Tuesday, March 26, 2019

Creme Brulee



There’s something so satisfying about a dessert being both elegant and meant to be broken. Sure, I’ll break through a layer of hard sugar to get to your gooey, luscious center. You had me at sugar. Anyway, this was a fun challenge. I didn’t have a kitchen torch, and I didn’t want to buy one, so I used Mary Berry’s recipe to create the crust. So, yes, you don’t need a torch to do this recipe. Should you maybe splurge and buy a torch? I don’t want to tell you how to live your life, but it would make it a lot easier. Did I need a torch later for my s’mores pie? Yes. Did I still not want to buy a torch because I’m cheap? Also, yes. So, if you’re cheap like me, I will show you how to still make a great crème brulee without the torch!  I used this recipe for the custard: https://www.cinnamonspiceandeverythingnice.com/how-to-make-classic-creme-brulee/
For the Custard:
1 ¾ c heavy cream
1 tsp vanilla extract
4 large egg yolks
¼ c sugar
1. Preheat the oven to 300F. Place 4 (5-6 oz) ramekins in a baking pan. *This is the second challenge that I’ve used those adorable ramekins for! That’s a buy that I totally don’t regret.
2. Fill a kettle and boil some water. *Or if you’re like me and don’t have a kettle, fill your coffee pot with water and let ‘er rip.
3. Meanwhile, heat the cream in a small saucepan over medium-high heat until it just comes to a simmer. Remove from heat. Let it cool for 5 – 10 minutes.
4. Add the egg yolks to a large bowl, preferably one with a spout, and use a fork to pick out any white spots- discard them. Add the sugar and whisk until combined.
5. Whisk in one ladle of cream to temper the eggs. Then whisk in two ladles of cream. Slowly add the rest of the cream to the eggs while whisking until well combined but not frothy.
6. Add the vanilla extract.
7. If you see any lumps, run it through a sieve to get any of the lumps out.
8. Divide the custard among the ramekins. Fill the pan with hot water coming halfway up the ramekins. *I put my baking pan with my ramekins IN the oven before trying to pour the water. I was afraid I would spill the water into ramekins in the moving process to the oven. This worked well for me.
9. Bake for 40 – 55 minutes until the custard is mostly set but still jiggly in the middle.
10. Remove from oven and take ramekins out of the water. Allow to cool on a baking rack for about 30 minutes. Then refrigerate until chilled (about 3 hours).

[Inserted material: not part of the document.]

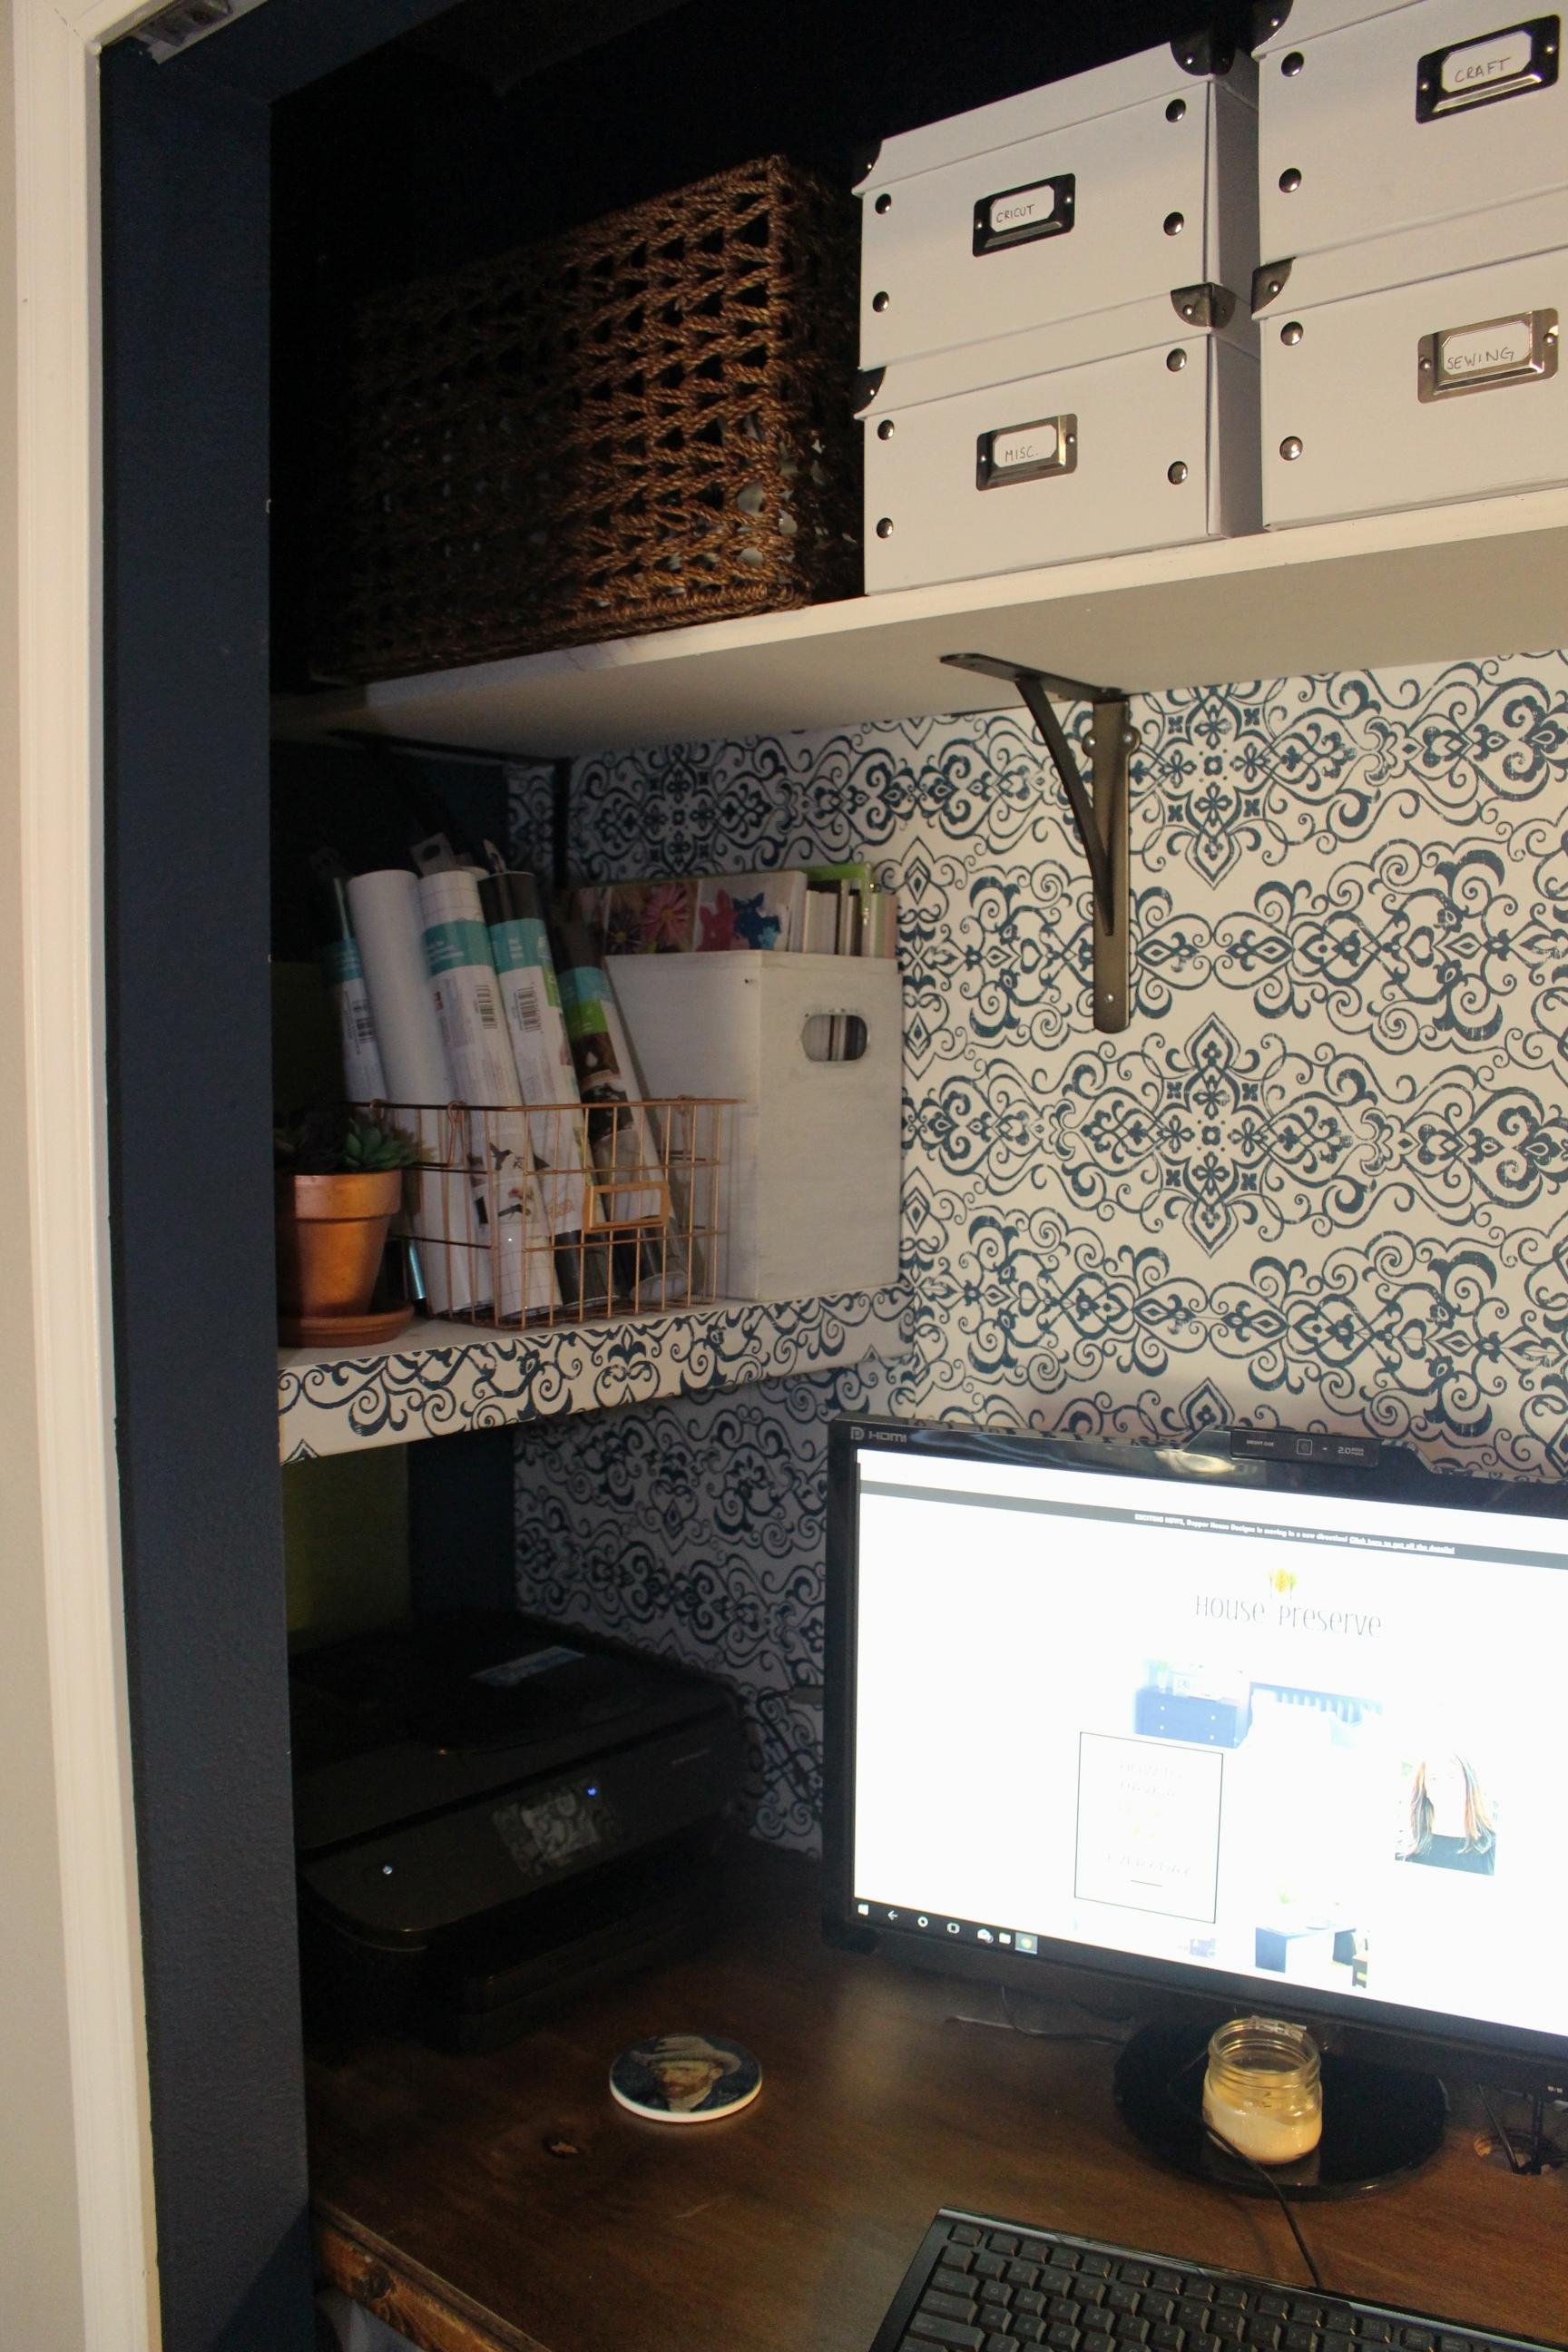 Why I Chose Squarespace To Design My Home Decor Blog House By
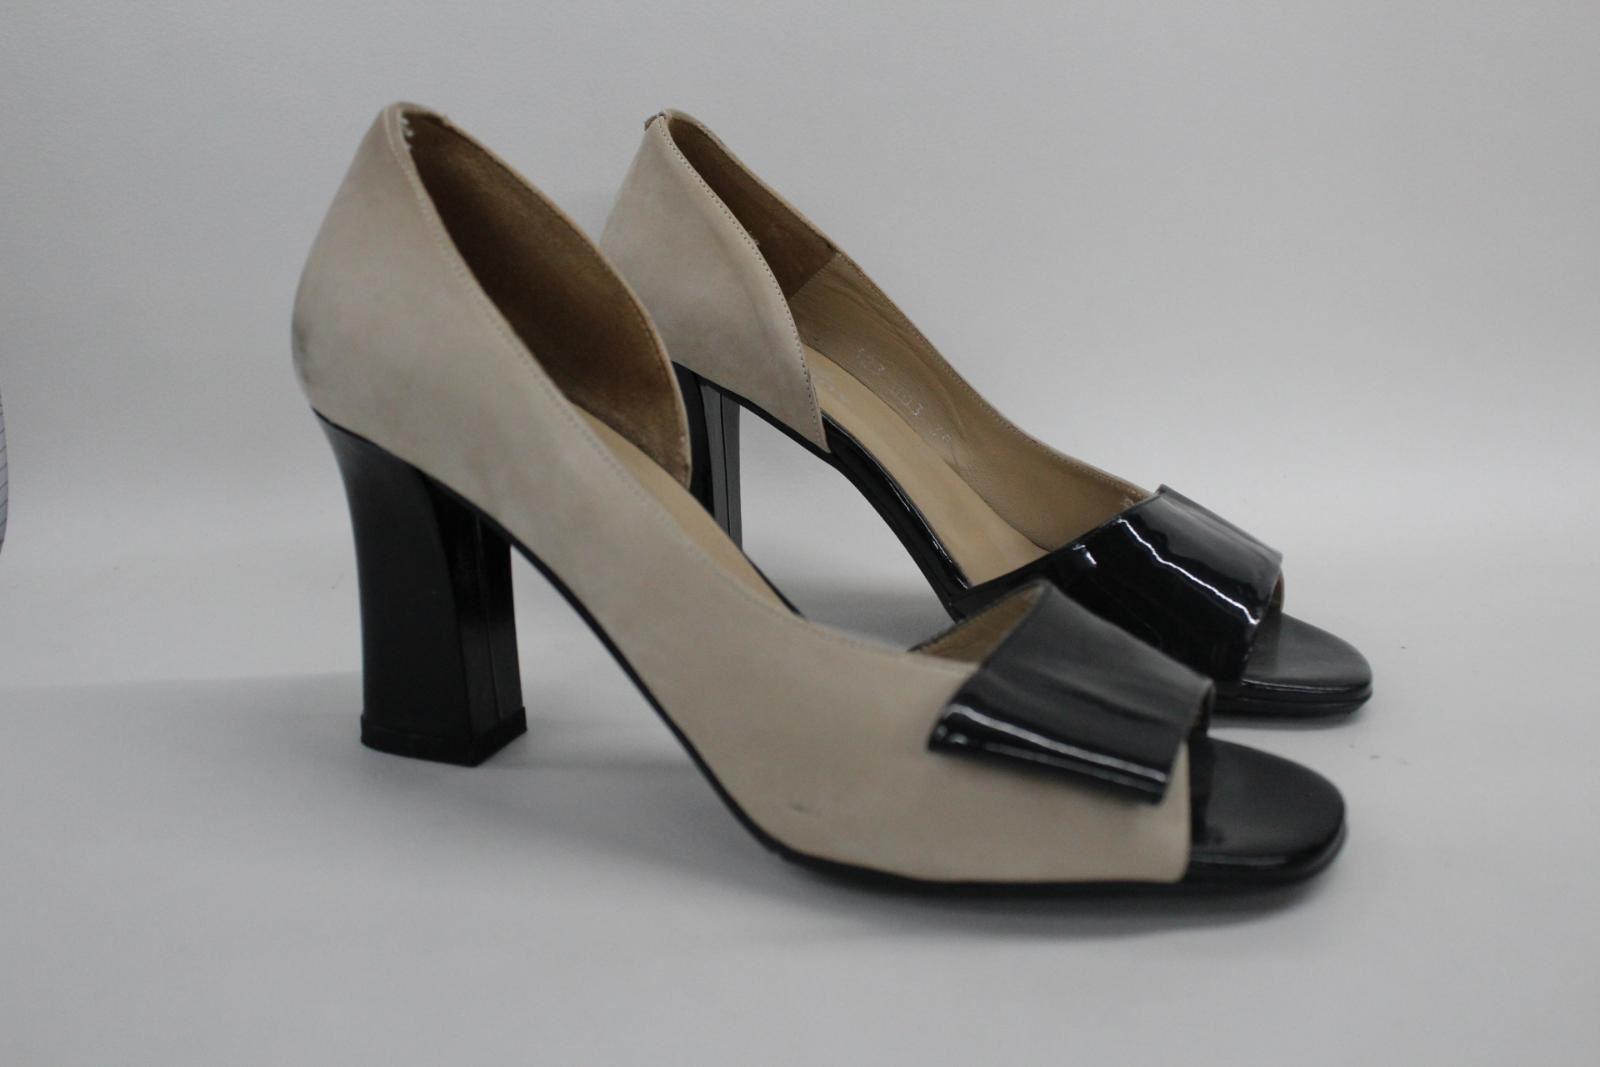 AUDLEY-London-Beige-Leather-Open-Peep-Toe-Bloc-Heel-Court-Shoes-EU39-UK6

I used this recipe for the sugar topping sans torch: http://thegreatbritishbakeoff.co.uk/cappuccino-creme-brulees-judges-recipe/

Sugar Topping:
While the custard is cooling, start on the sugar topping. If you have a torch, you can just put some sugar on your chilled custard and torch it. If you don’t, Mary Berry says that this way is the best to ensure the crunchy texture if you are broiling it in the oven.
You literally just need sugar for this part of the recipe. Easy peasy.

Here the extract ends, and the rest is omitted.